Semantic Textual Similarity (STS) assigns a score on the similarity of two texts. In this example, we use the stsb dataset as training data to fine-tune our model. See the following example scripts how to tune SentenceTransformer on STS data:

training_stsbenchmark.py - This example shows how to create a SentenceTransformer model from scratch by using a pre-trained transformer model (e.g. distilbert-base-uncased) together with a pooling layer.
training_stsbenchmark_continue_training.py - This example shows how to continue training on STS data for a previously created & trained SentenceTransformer model (e.g. all-mpnet-base-v2).

You can also train and use CrossEncoder models for this task. See Cross Encoder > Training Examples > Semantic Textual Similarity for more details.

Training data

In STS, we have sentence pairs annotated together with a score indicating the similarity. In the original STSbenchmark dataset, the scores range from 0 to 5. We have normalized these scores to range between 0 and 1 in stsb, as that is required for CosineSimilarityLoss as you can see in the Loss Overiew.

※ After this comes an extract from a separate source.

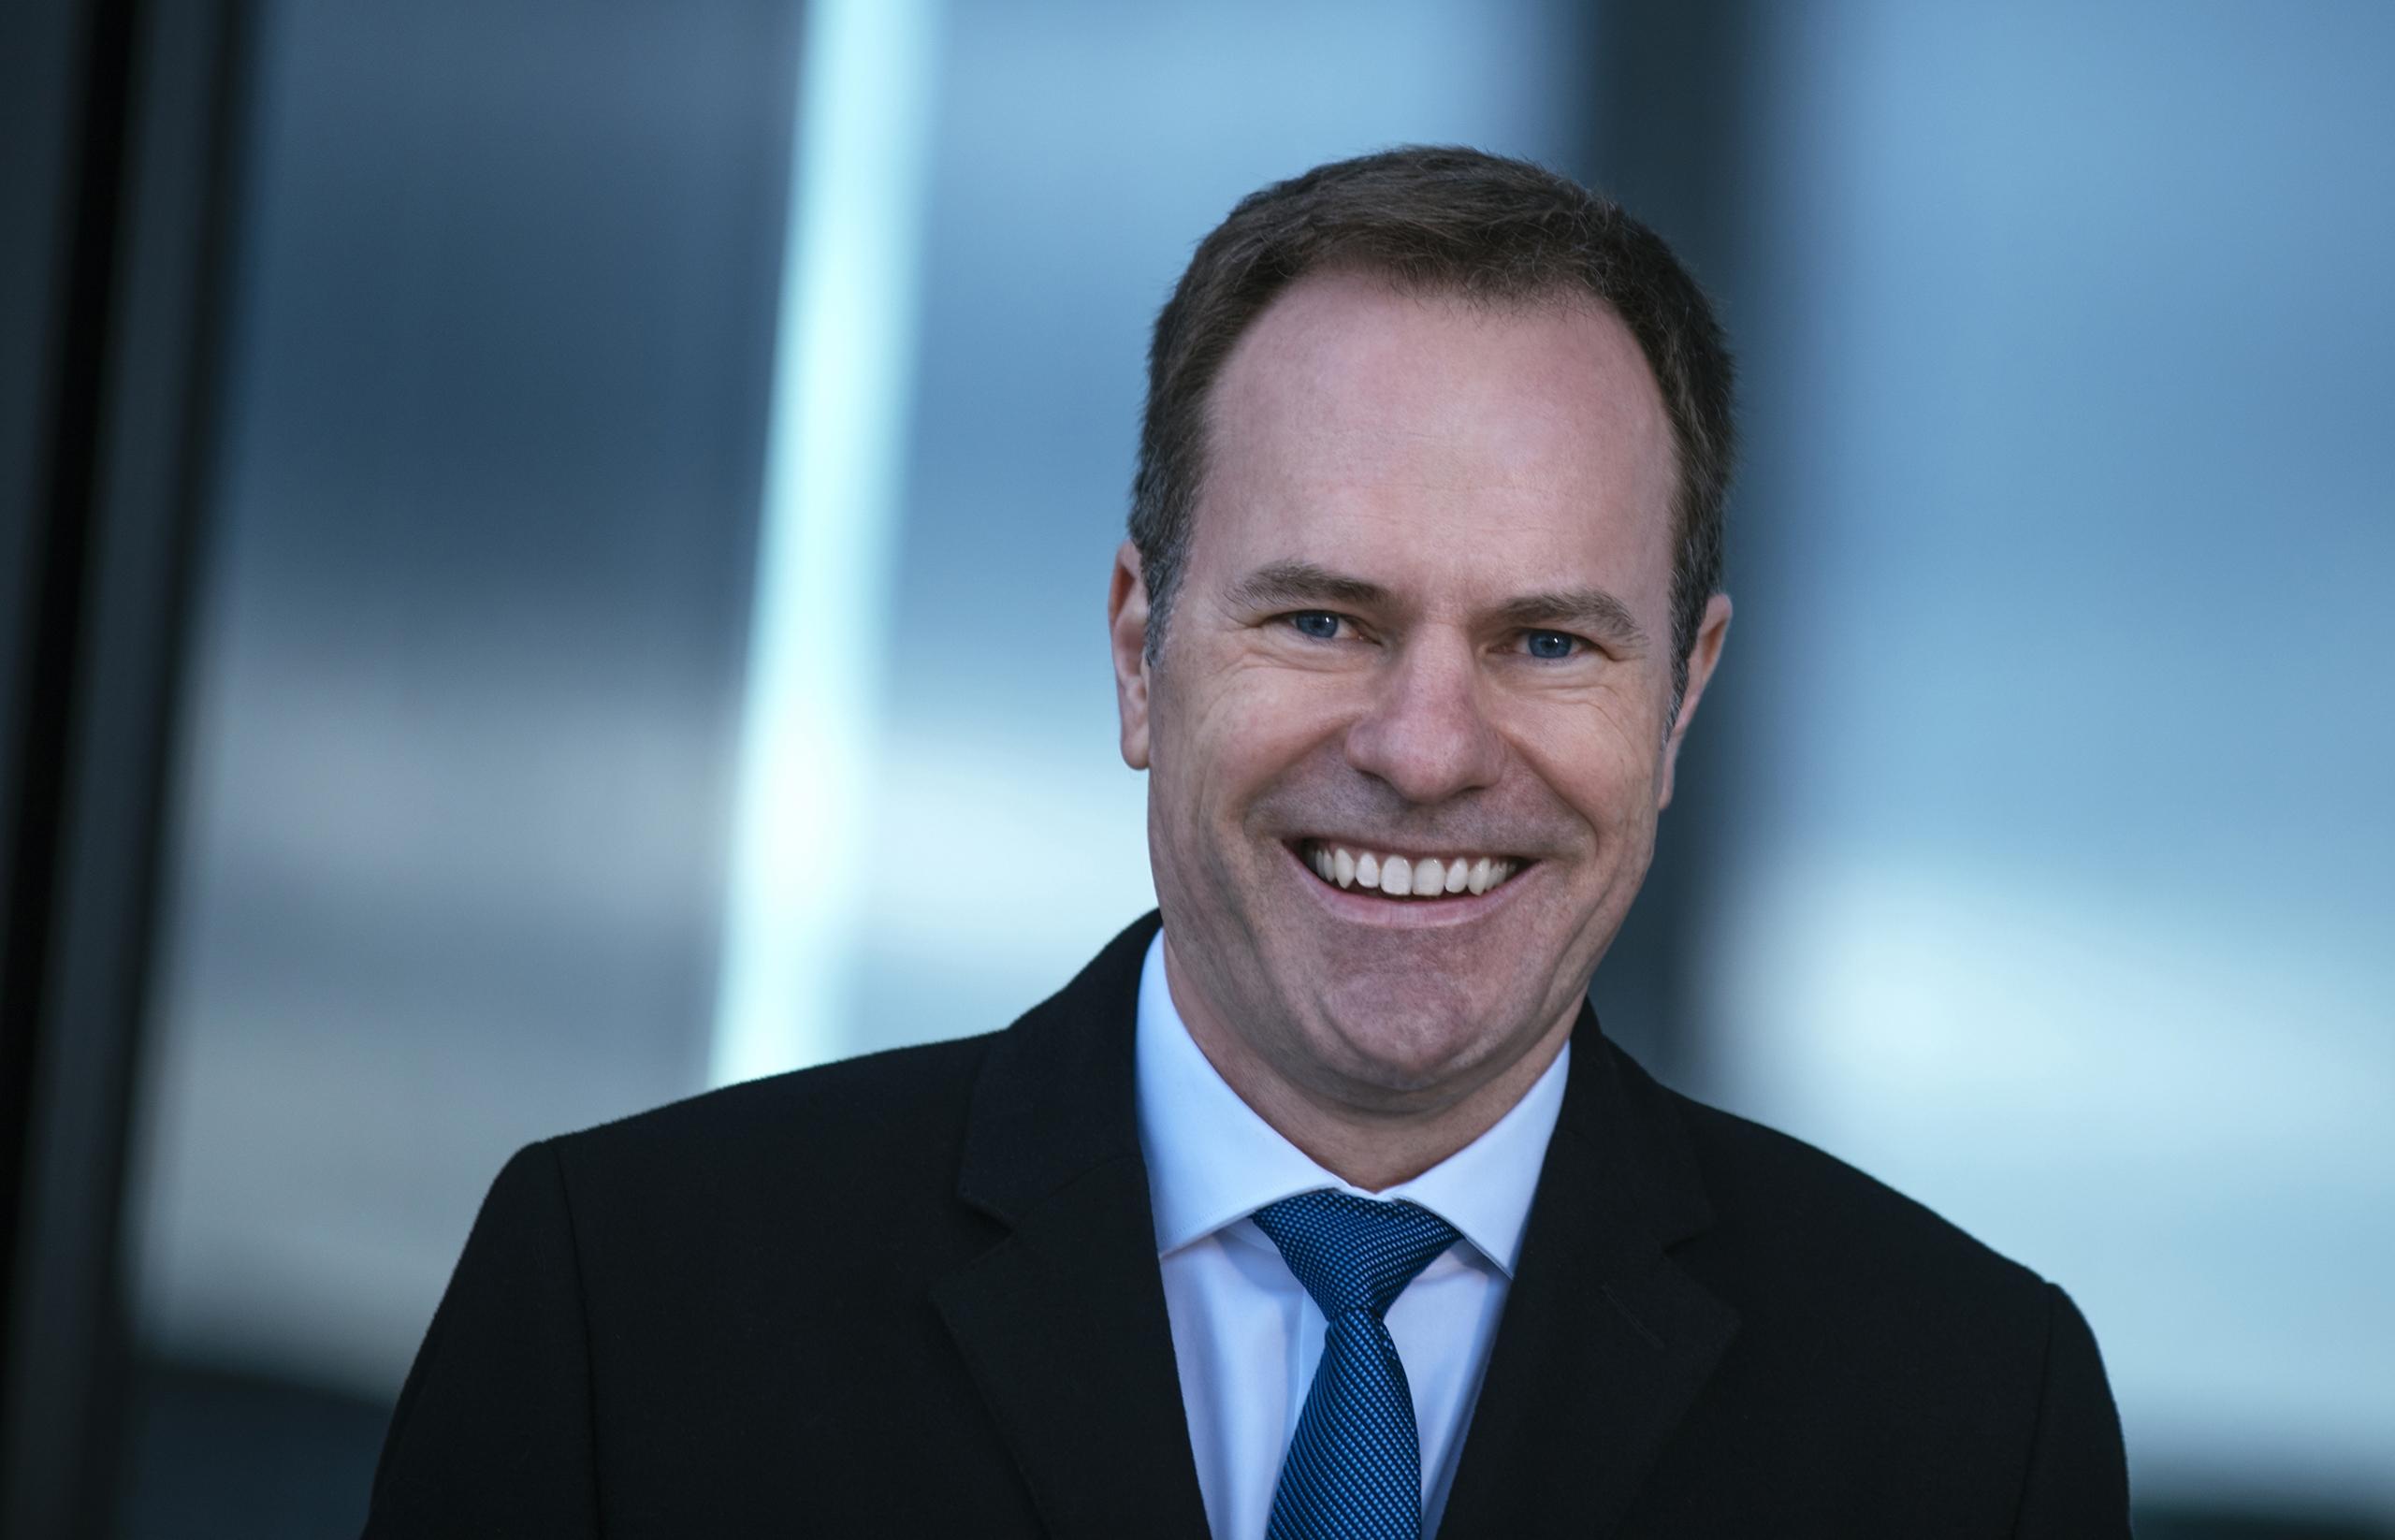 Stephan Keller kandidiert für das Amt des Oberbürgermeisters

Here is a simplified version of our training data:

from datasets import Dataset

sentence1_list = ["My first sentence", "Another pair"]
sentence2_list = ["My second sentence", "Unrelated sentence"]
labels_list = [0.8, 0.3]
train_dataset = Dataset.from_dict({
    "sentence1": sentence1_list,
    "sentence2": sentence2_list,
    "label": labels_list,
})
# => Dataset({
#     features: ['sentence1', 'sentence2', 'label'],
#     num_rows: 2
# })
print(train_dataset[0])
# => {'sentence1': 'My first sentence', 'sentence2': 'My second sentence', 'label': 0.8}
print(train_dataset[1])
# => {'sentence1': 'Another pair', 'sentence2': 'Unrelated sentence', 'label': 0.3}

In the aforementioned scripts, we directly load the stsb dataset:

from datasets import load_dataset

train_dataset = load_dataset("sentence-transformers/stsb", split="train")
# => Dataset({
#     features: ['sentence1', 'sentence2', 'score'],
#     num_rows: 5749
# })

Loss Function

We use CosineSimilarityLoss as our loss function.

For each sentence pair, we pass sentence A and sentence B through the BERT-based model, which yields the embeddings u und v. The similarity of these embeddings is computed using cosine similarity and the result is compared to the gold similarity score. Note that the two sentences are fed through the same model rather than two separate models. In particular, the cosine similarity for similar texts is maximized and the cosine similarity for dissimilar texts is minimized. This allows our model to be fine-tuned and to recognize the similarity of sentences.

For more details, see Sentence-BERT: Sentence Embeddings using Siamese BERT-Networks.

CoSENTLoss and AnglELoss are more modern variants of CosineSimilarityLoss that accept the same data format of a sentence pair with a similarity score ranging from 0.0 to 1.0. Informal experiments indicate that these two produce stronger models than CosineSimilarityLoss.